- TASK REQUIREMENTS: Could you retype the whole listing word for word and drop the images?

- DATASET SECTION:
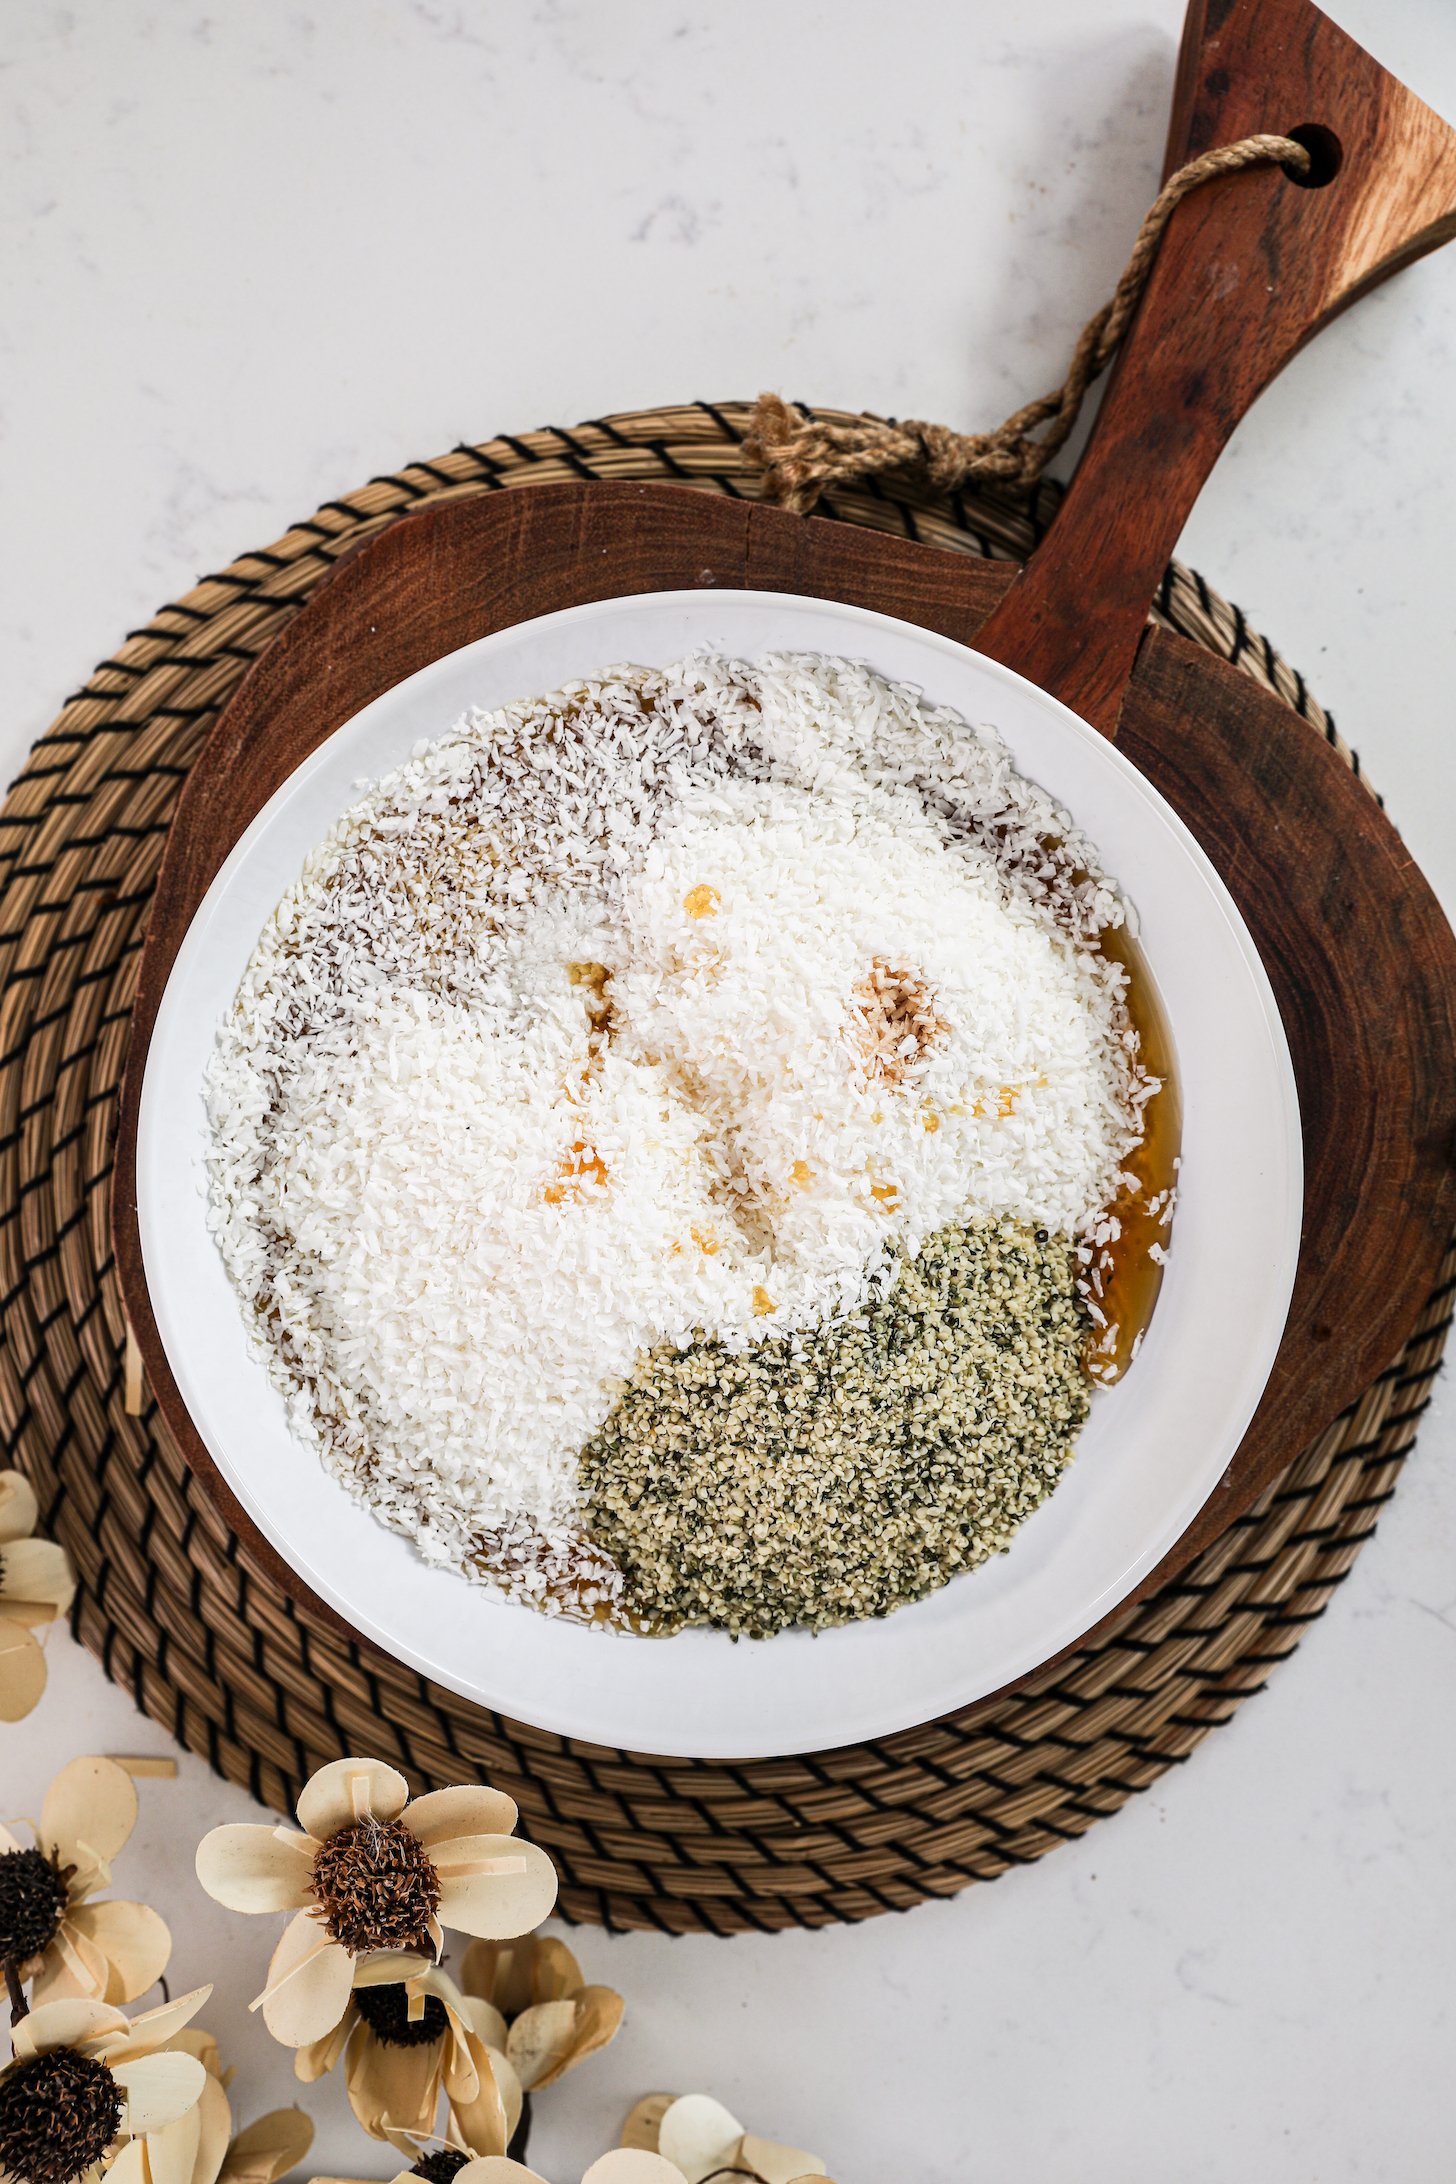 A bowl containing shredded coconut, hemp seeds, vanilla and maple syrup.
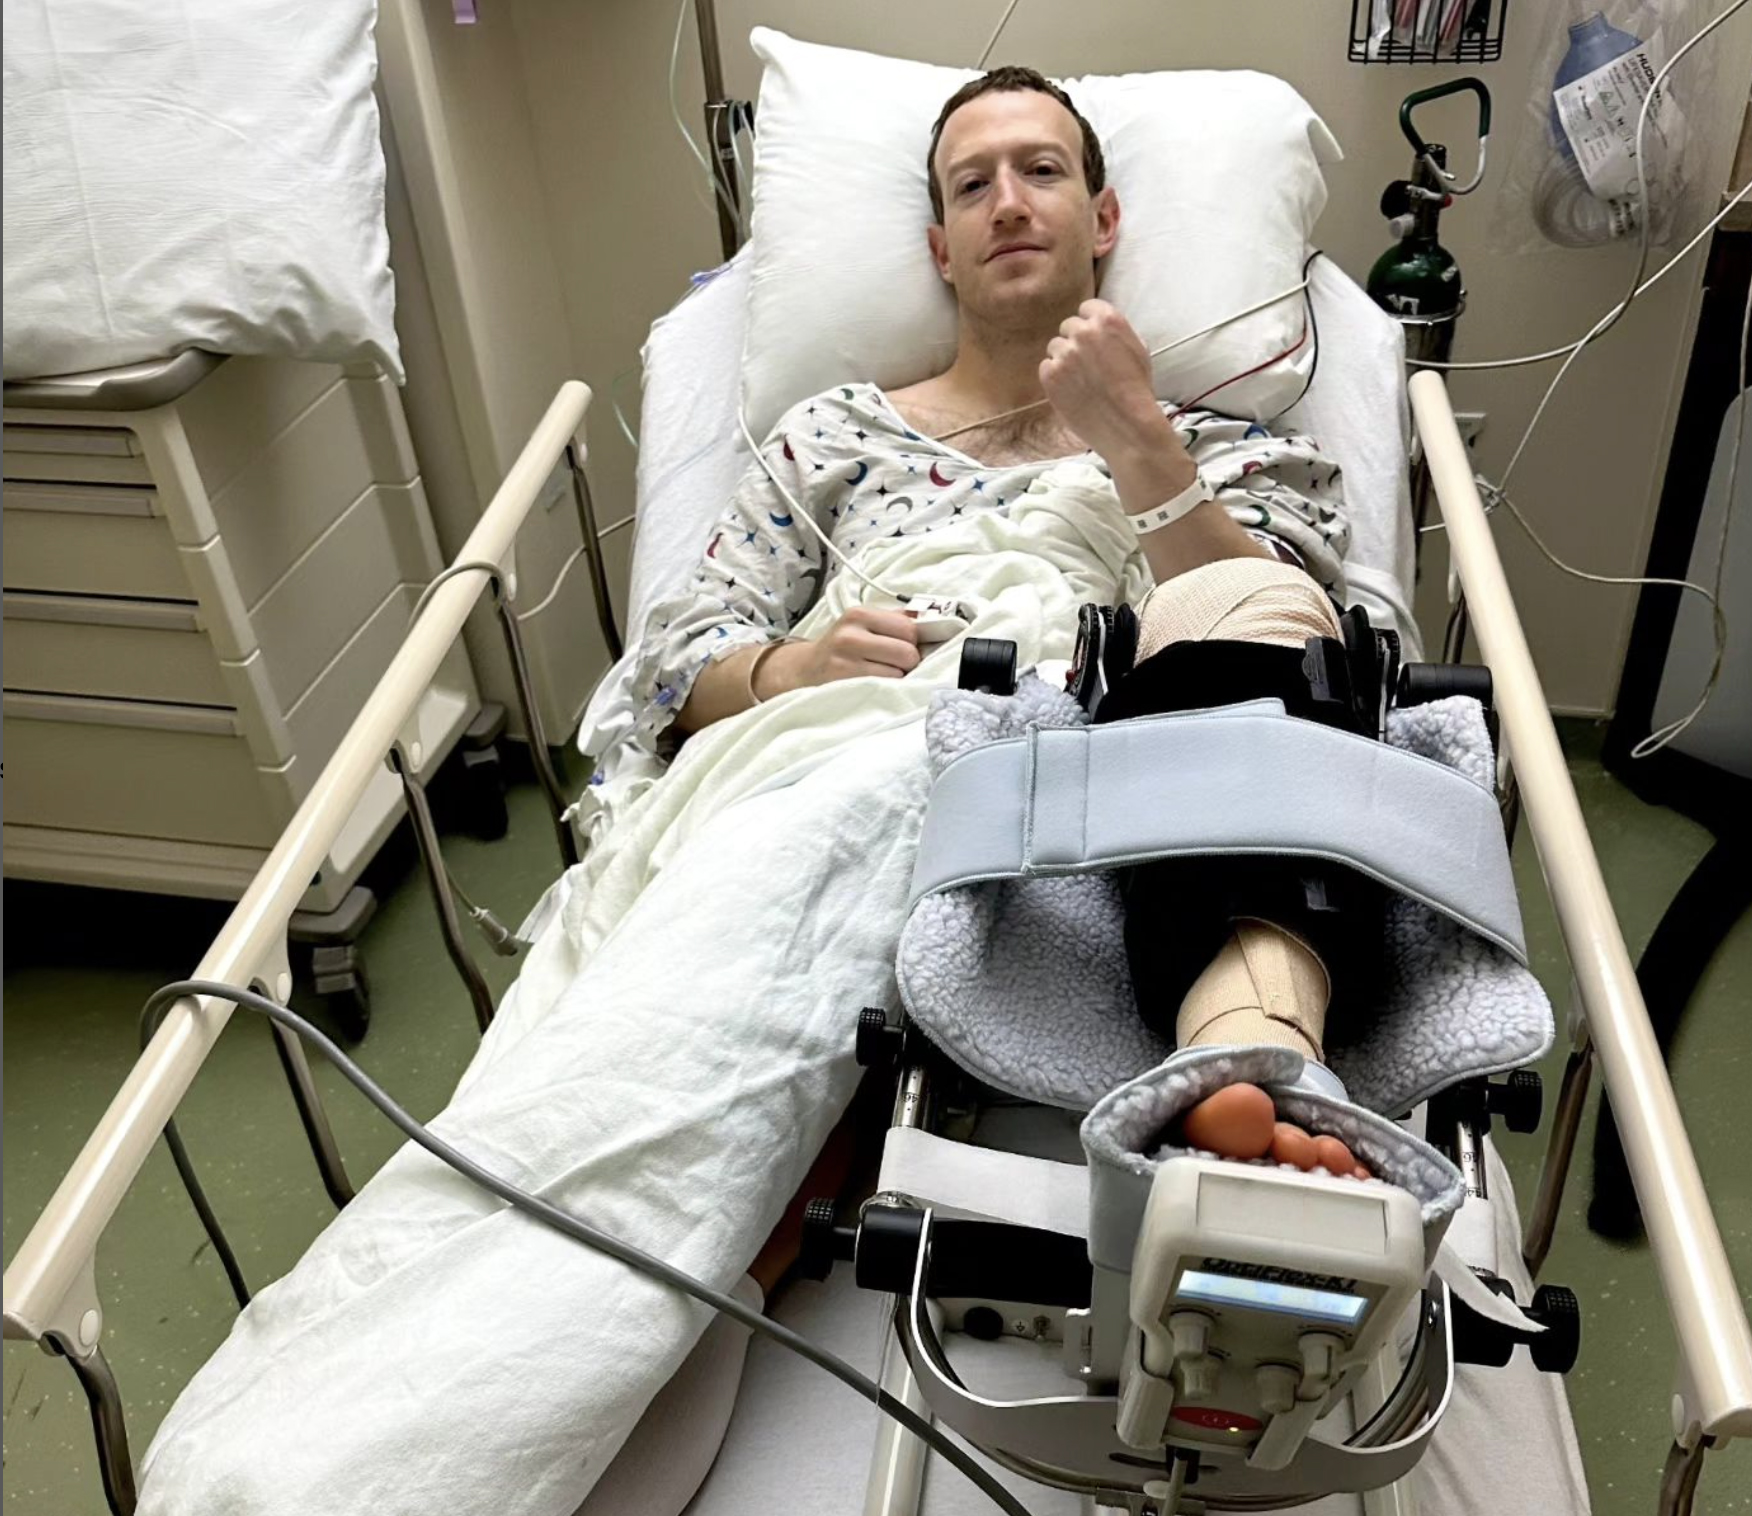 Mark Zuckerberg posted a photo from a hospital bed on his Instagram platform, announcing that he had torn his ACL and had undergone surgery.
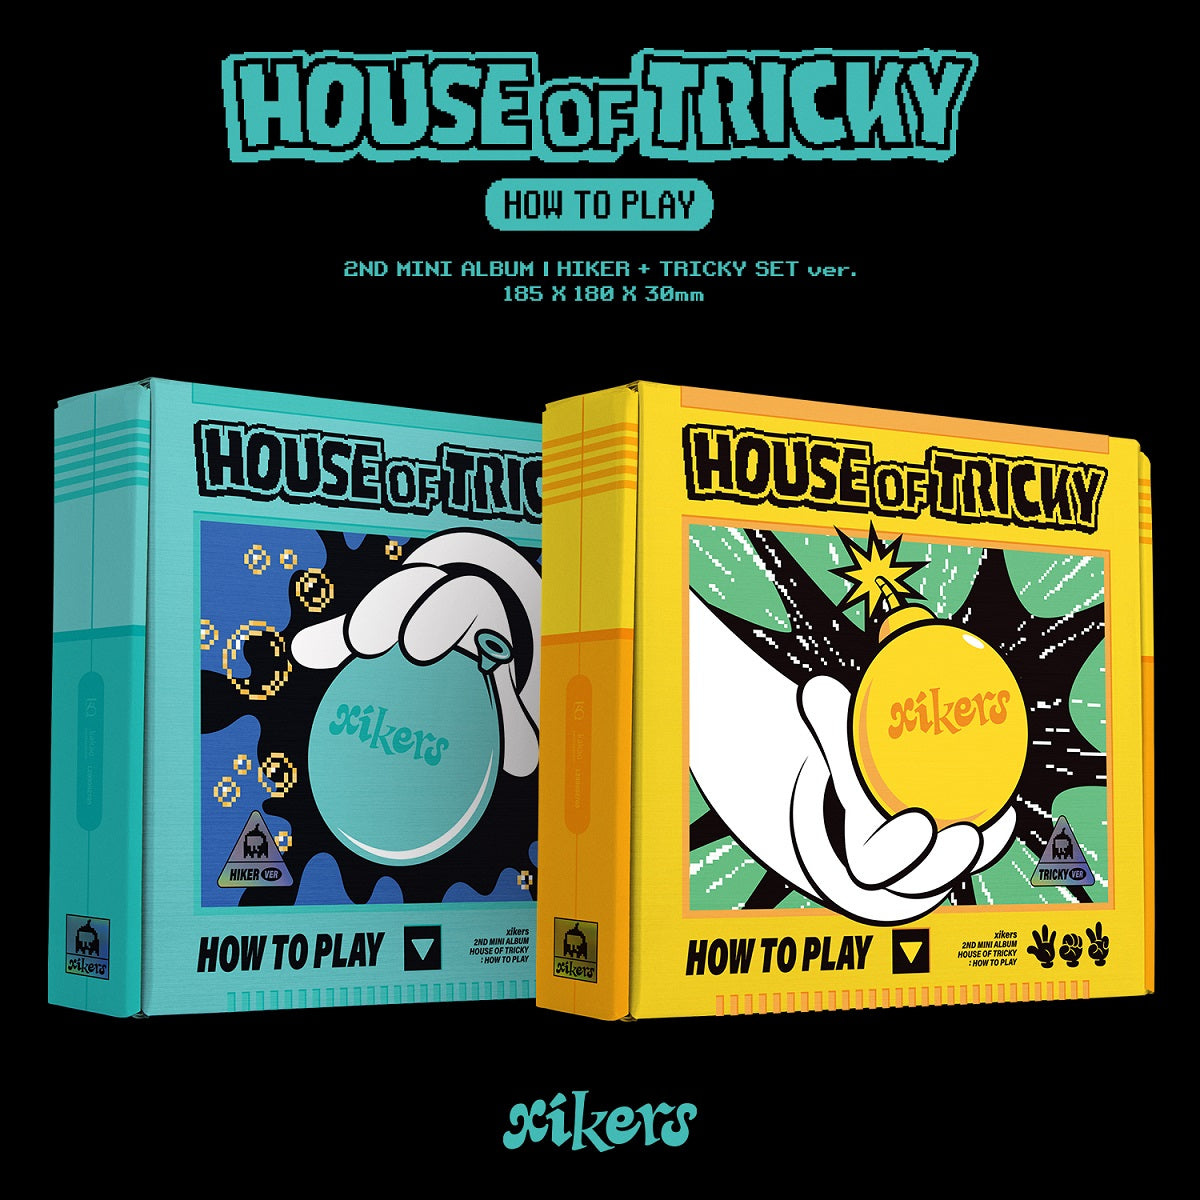 XIKERS 2ND MINI ALBUM 'HOUSE OF TRICKY : HOW TO PLAY' SET COVER

- WRITTEN RESPONSE:
 A bowl containing shredded coconut, hemp seeds, vanilla and maple syrup.
 Mark Zuckerberg posted a photo from a hospital bed on his Instagram platform, announcing that he had torn his ACL and had undergone surgery.
 XIKERS 2ND MINI ALBUM 'HOUSE OF TRICKY : HOW TO PLAY' SET COVER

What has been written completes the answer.